PC levels increased from 33±18% to 66±22% [normal values 65–140%], at 6h after PC bolus (p<0.001), and kept on increasing during the 72h of administration (p<0.001 to baseline). Interestingly, all our patients had low baseline levels of PC. This finding is important because a low PC value is a strong predictor of unfavorable outcome11–14 and septic patients are associated with increased morbidity and mortality. Despite this baseline data we achieved a survival rate of 70%. Given the expected poor outcome on the basis of the score risks and our patients’ PC activity, the 70% survival rate may indicate that perhaps a beneficial drug effect on survival is present.

In our patients PC levels increased at 6h after PC bolus and remained constant thereafter, furthermore ATIII levels significantly increased after drug administration.

We also reported clinical benefit as documented by the significant reduction in the indices of organ dysfunction (the SOFA). Finally patient mortality was 30% versus the expected 53% and this difference was even more evident if only septic patients with cardiac index ≥2.5L/min/m2 were considered (mortality was 9%).

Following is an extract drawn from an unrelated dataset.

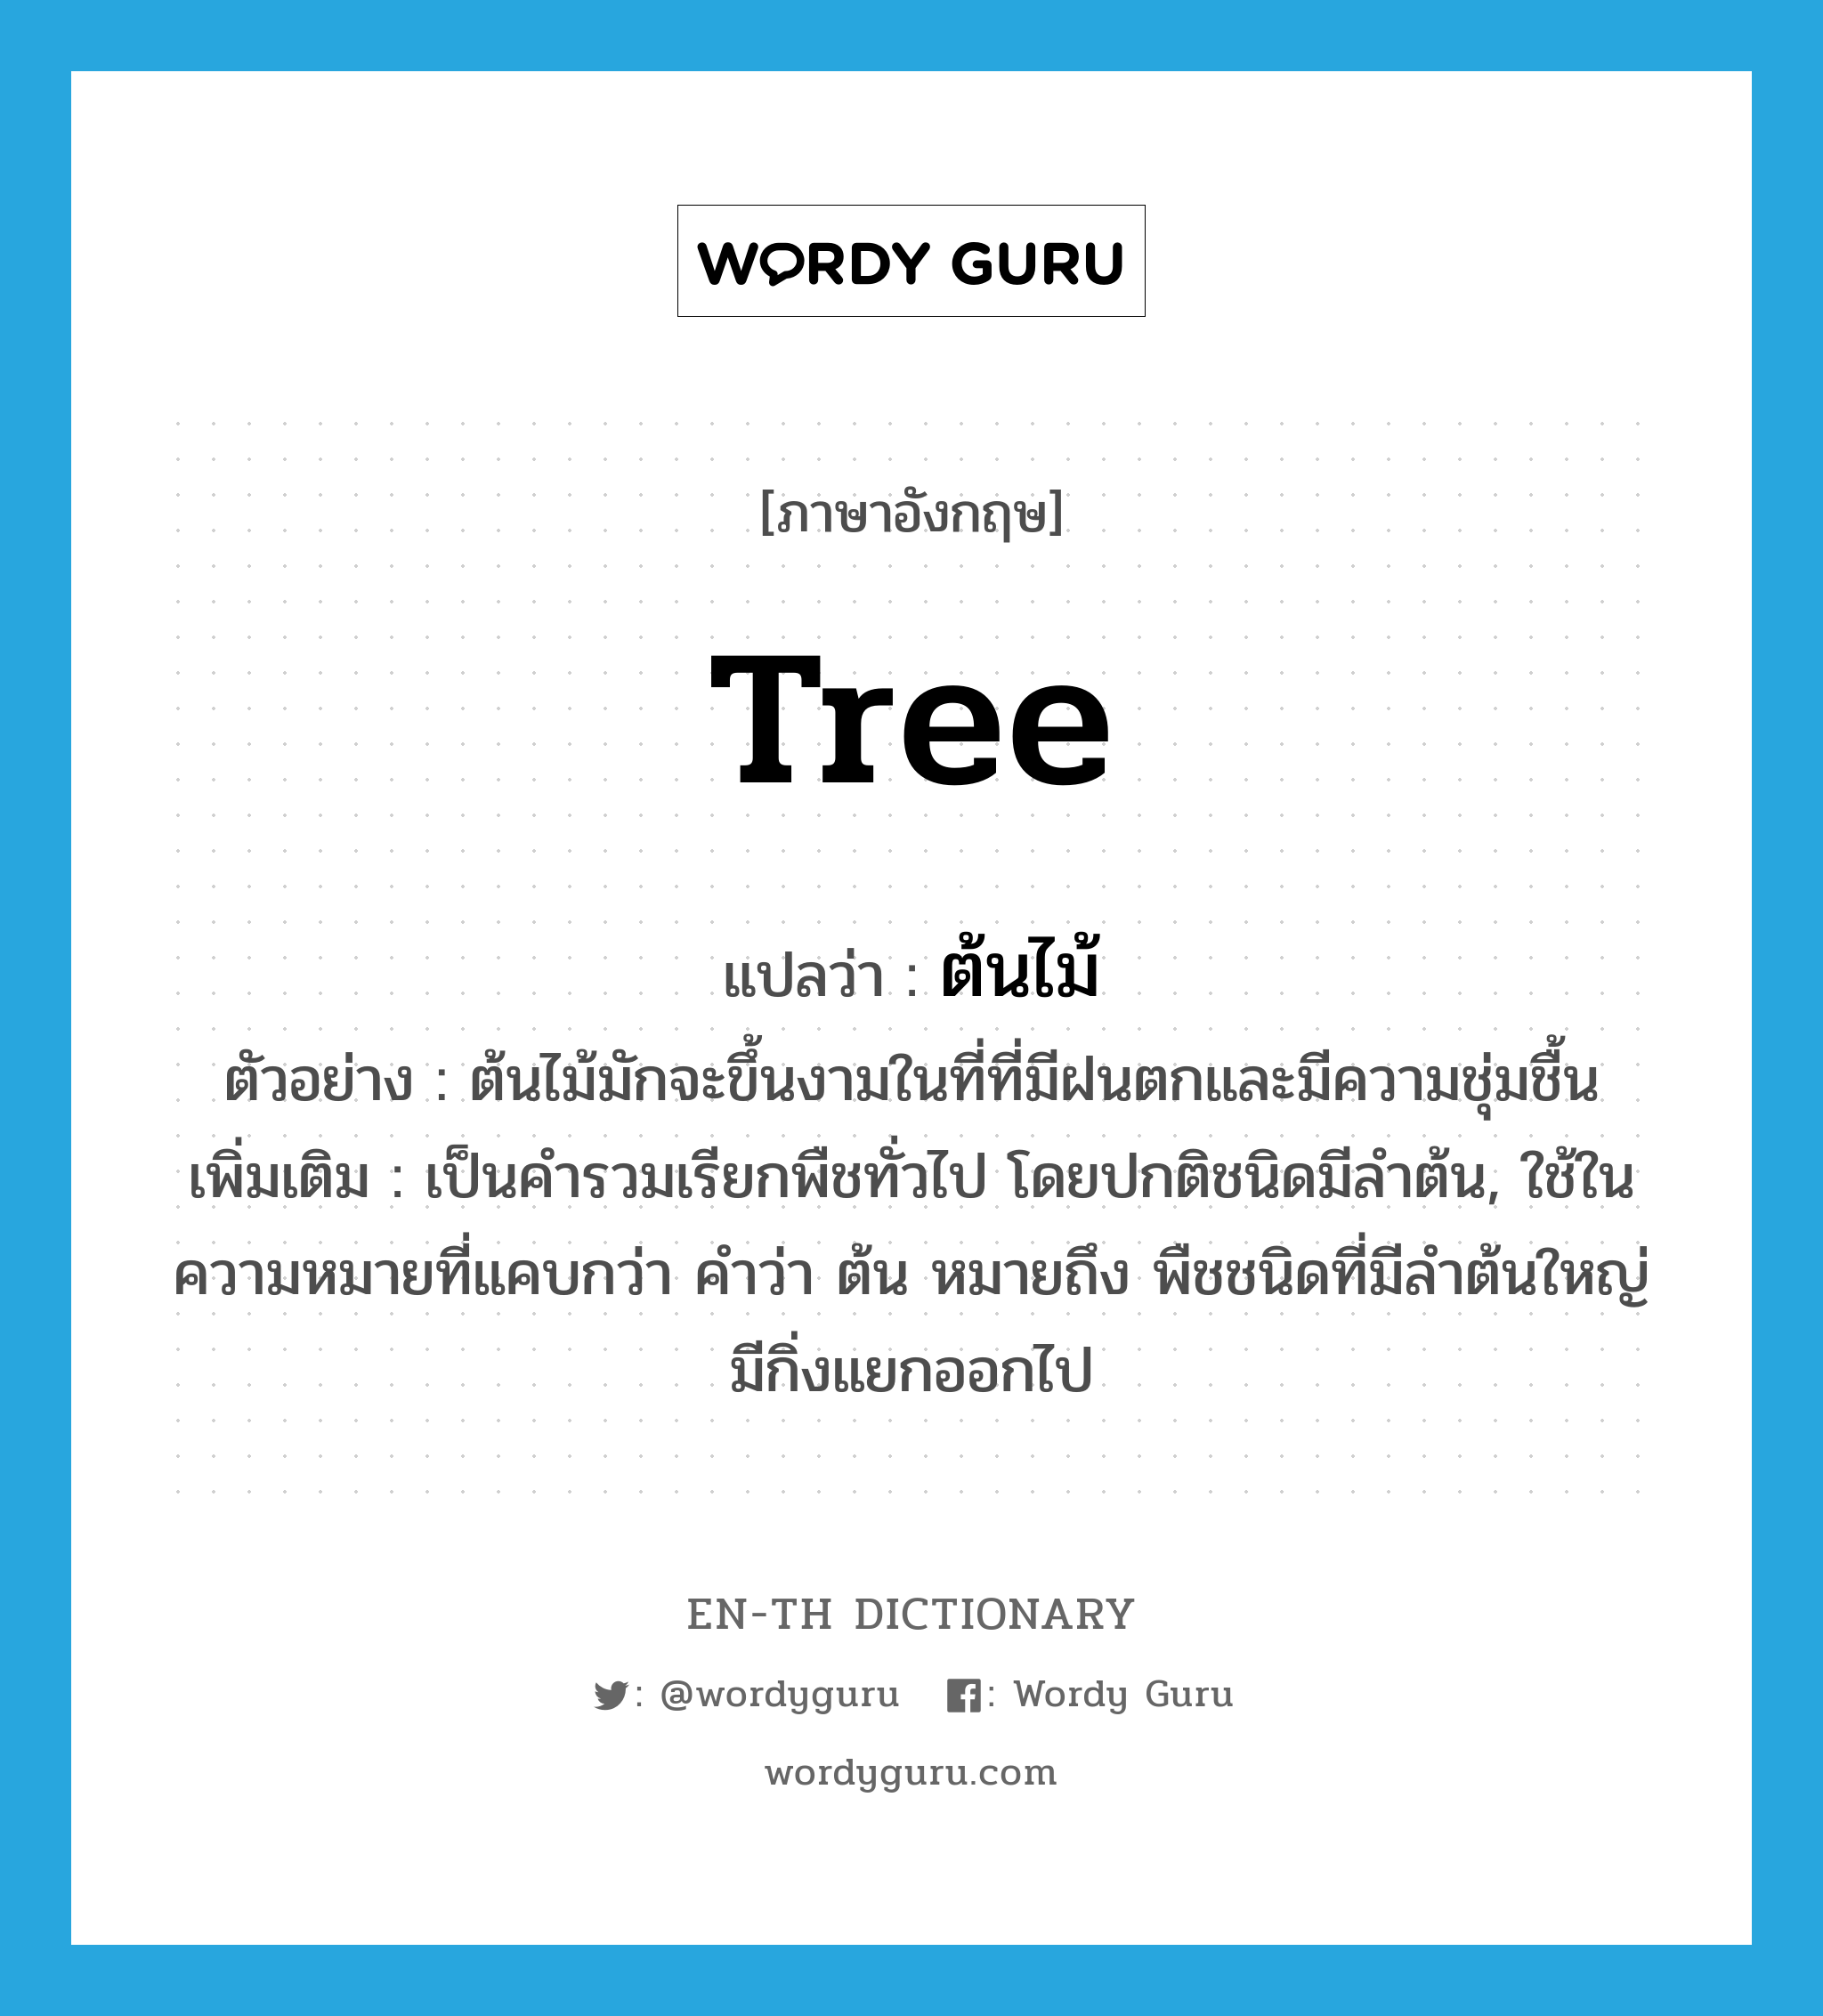 tree แปลว่า?, คำศัพท์ภาษาอังกฤษ tree แปลว่า ต้นไม้ ประเภท N ตัวอย่าง ต้นไม้มักจะขึ้นงามในที่ที่มีฝนตกและมีความชุ่มชื้น เพิ่มเติม เป็นคำรวมเรียกพืชทั่วไป โดยปกติชนิดมีลำต้น, ใช้ในความหมายที่แคบกว่า คำว่า ต้น หมายถึง พืชชนิดที่มีลำต้นใหญ่มีกิ่งแยกออกไป หมวด N

Consistently with the findings of the largest adult case series (20 patients) published so far15 we achieved normalization of coagulation parameters as a increasing of ATIII, as indicated by prompt raise of plasma PC activity within normal values, and a decreasing of PCR levels; an improvement of indices of organ dysfunction and a beneficial effect on patient survival. Similar findings were noted in our previously published case series that included 9 of these 23 patients.9 A recent systematic review on all the published case reports and case series of adult septic patients receiving PC suggested that mortality rates are low when receiving this drug.10

One interesting finding of our case series is that the beneficial effects on survival were more important in the patients with high cardiac output. The results of our study are important especially in view of the paucity of drugs, techniques or strategies that might reduce perioperative mortality in critically ill patients.16

The authors declare no conflicts of interest.